== Source material ==

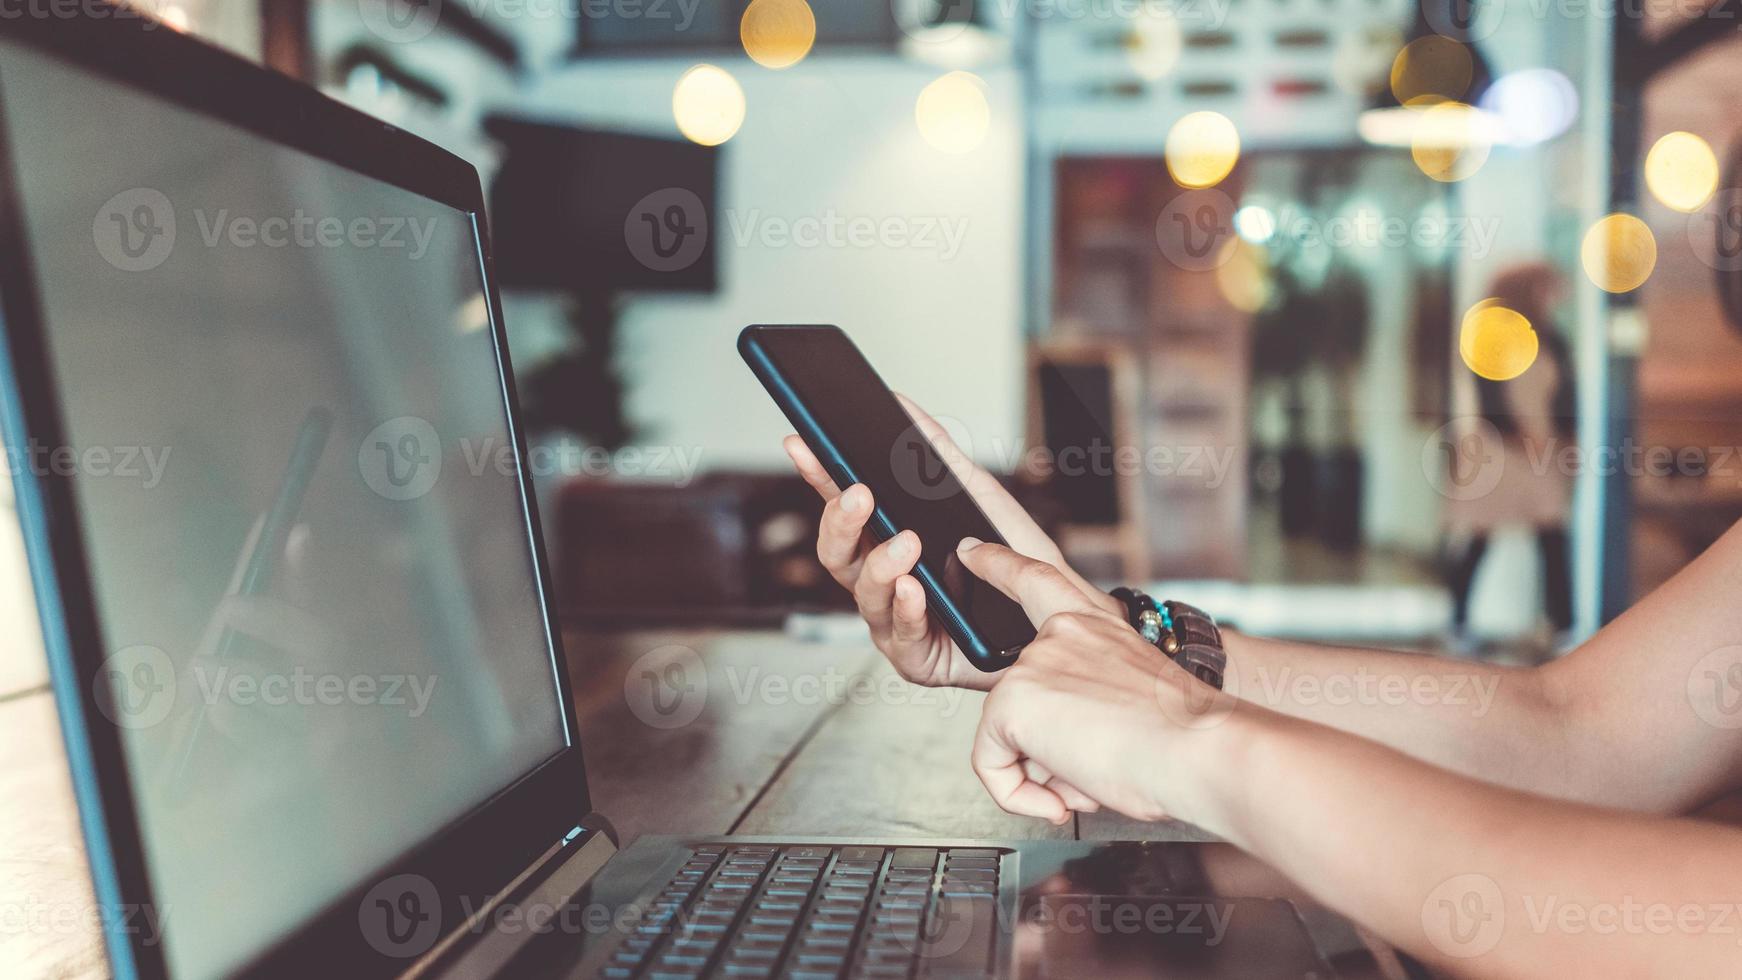 Woman use technology devices smartphone and laptop to work or study do connect communication business photo
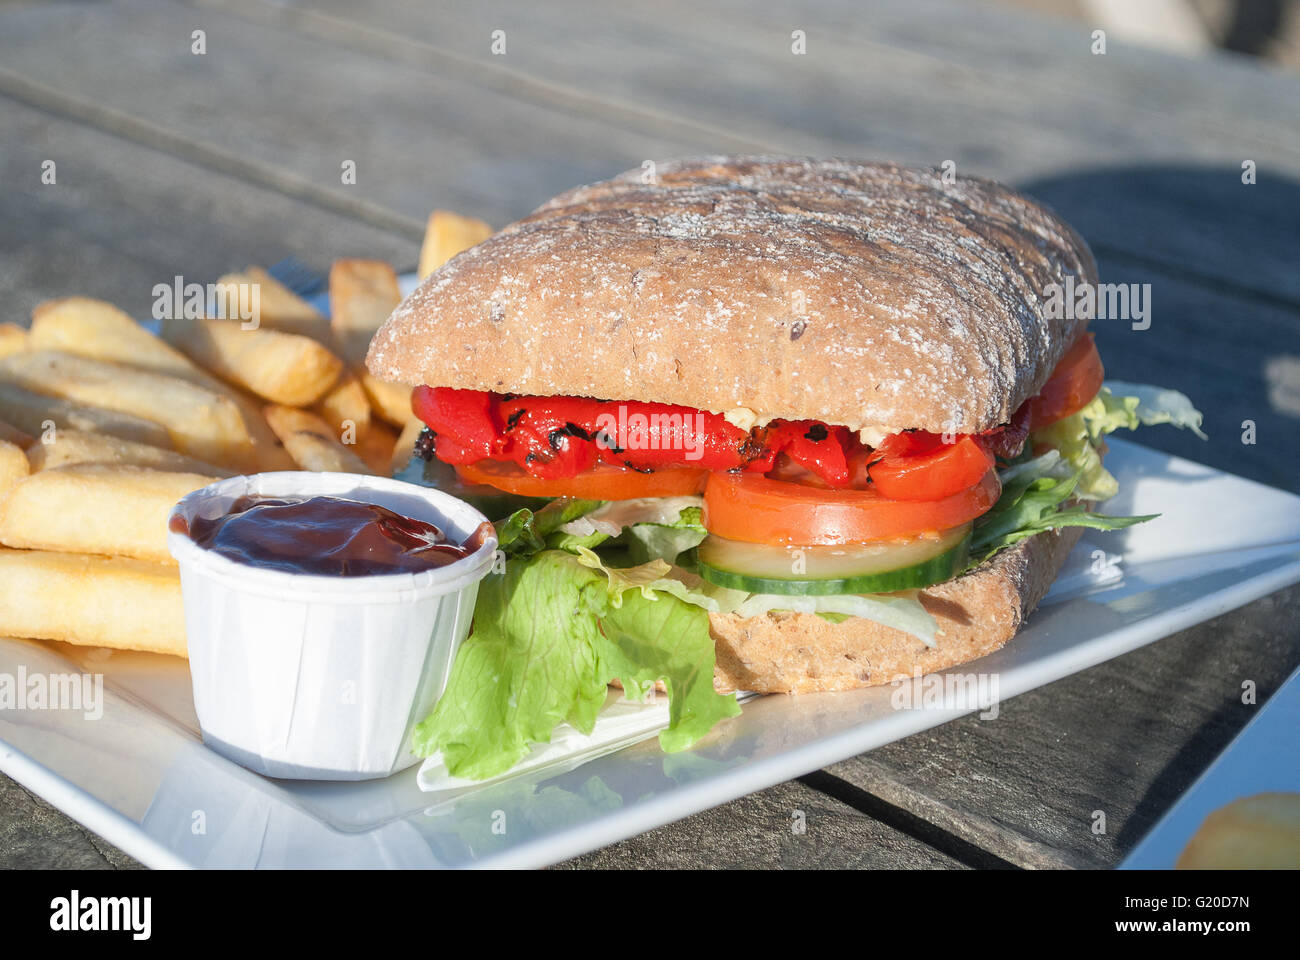 Vegan Roasted Pepper and Mixed Salad Sandwich, with chips and tomato sauce. Stock Photo
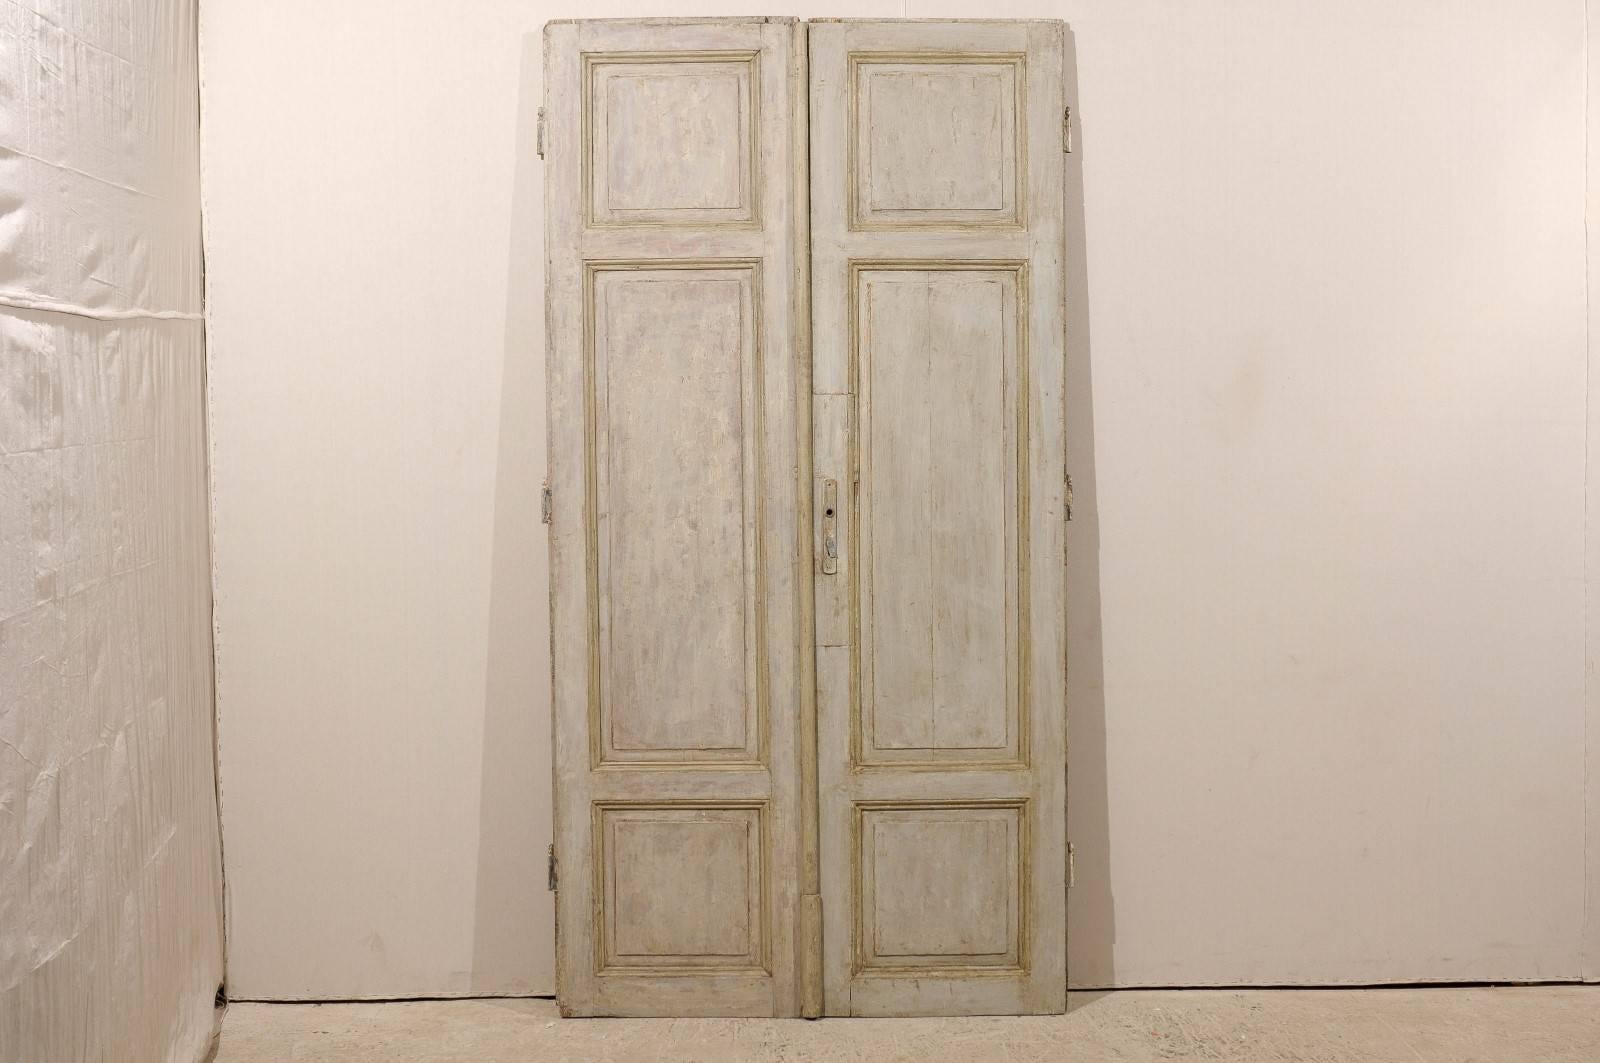 A pair of tall French doors from the mid-19th century. These French doors feature a grey green finish with wood coming through. They are made of three carved panels. They would be perfect on rails to separate rooms.
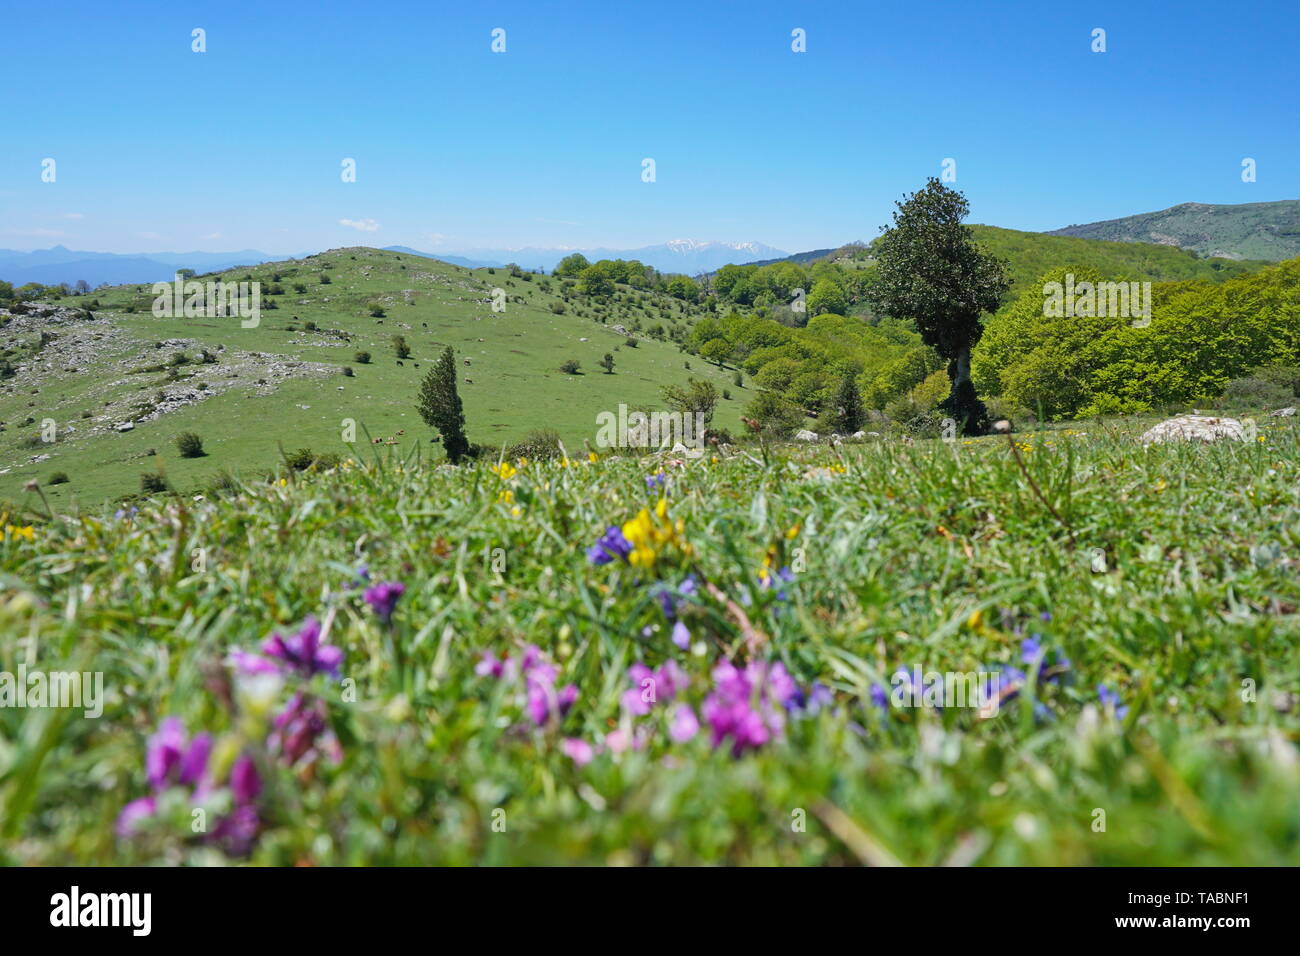 Landscape pasture in the mountain, Massif des Alberes between France and Spain, Pyrenees Orientales, Catalonia Stock Photo
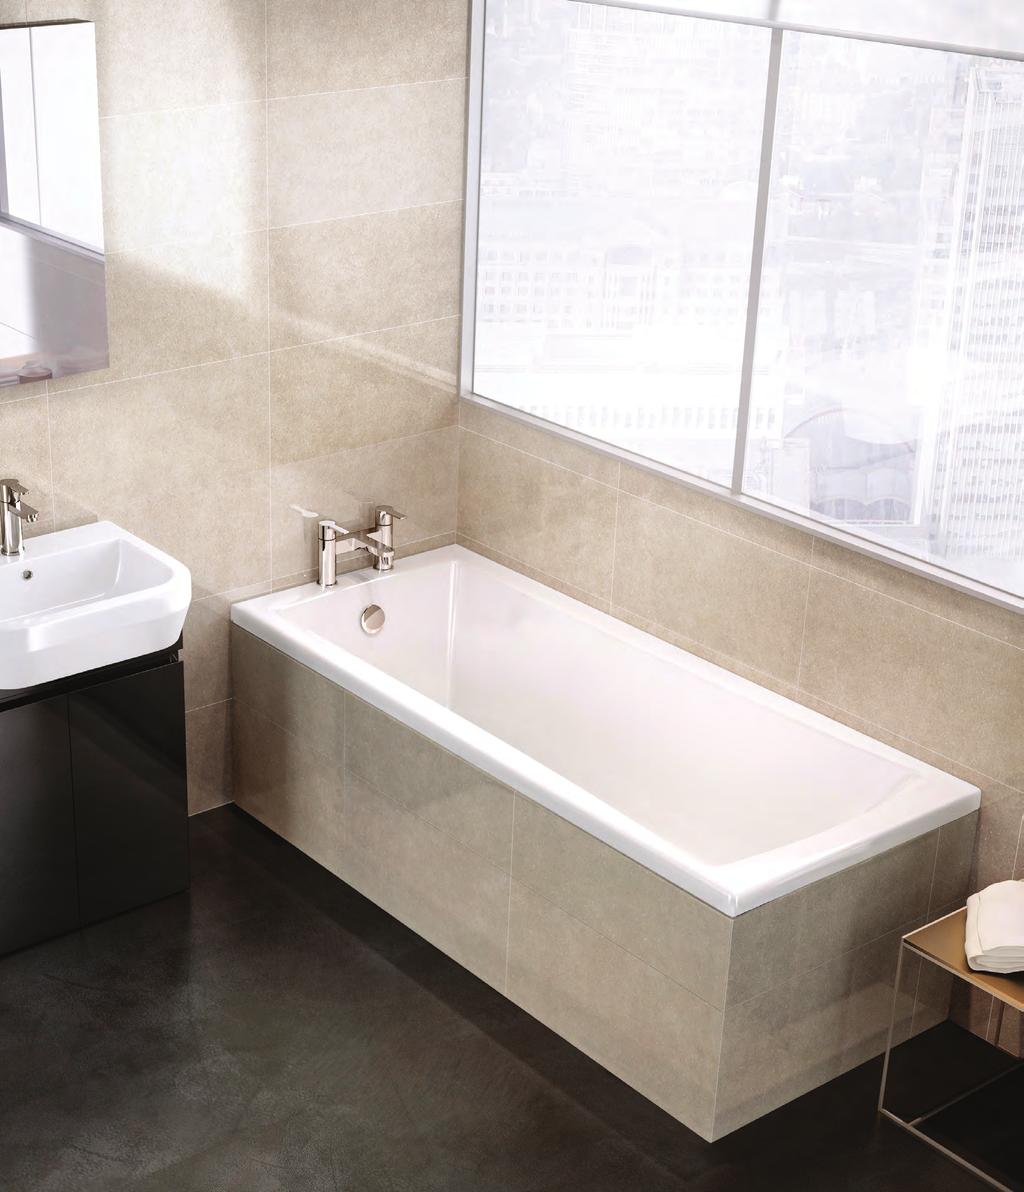 SUSTAIN Single ended bath The Sustain provides a square internal shape for those preferring the more geometric and angular look.

===

— Task details —
Where the data contains images, drop them and print the rest exactly.

— Solution for this exercise —
 Woman use technology devices smartphone and laptop to work or study do connect communication business photo
 Vegan Roasted Pepper and Mixed Salad Sandwich, with chips and tomato sauce. Stock Photo
 A pair of tall French doors from the mid-19th century. These French doors feature a grey green finish with wood coming through. They are made of three carved panels. They would be perfect on rails to separate rooms.
 Landscape pasture in the mountain, Massif des Alberes between France and Spain, Pyrenees Orientales, Catalonia Stock Photo
 SUSTAIN Single ended bath The Sustain provides a square internal shape for those preferring the more geometric and angular look.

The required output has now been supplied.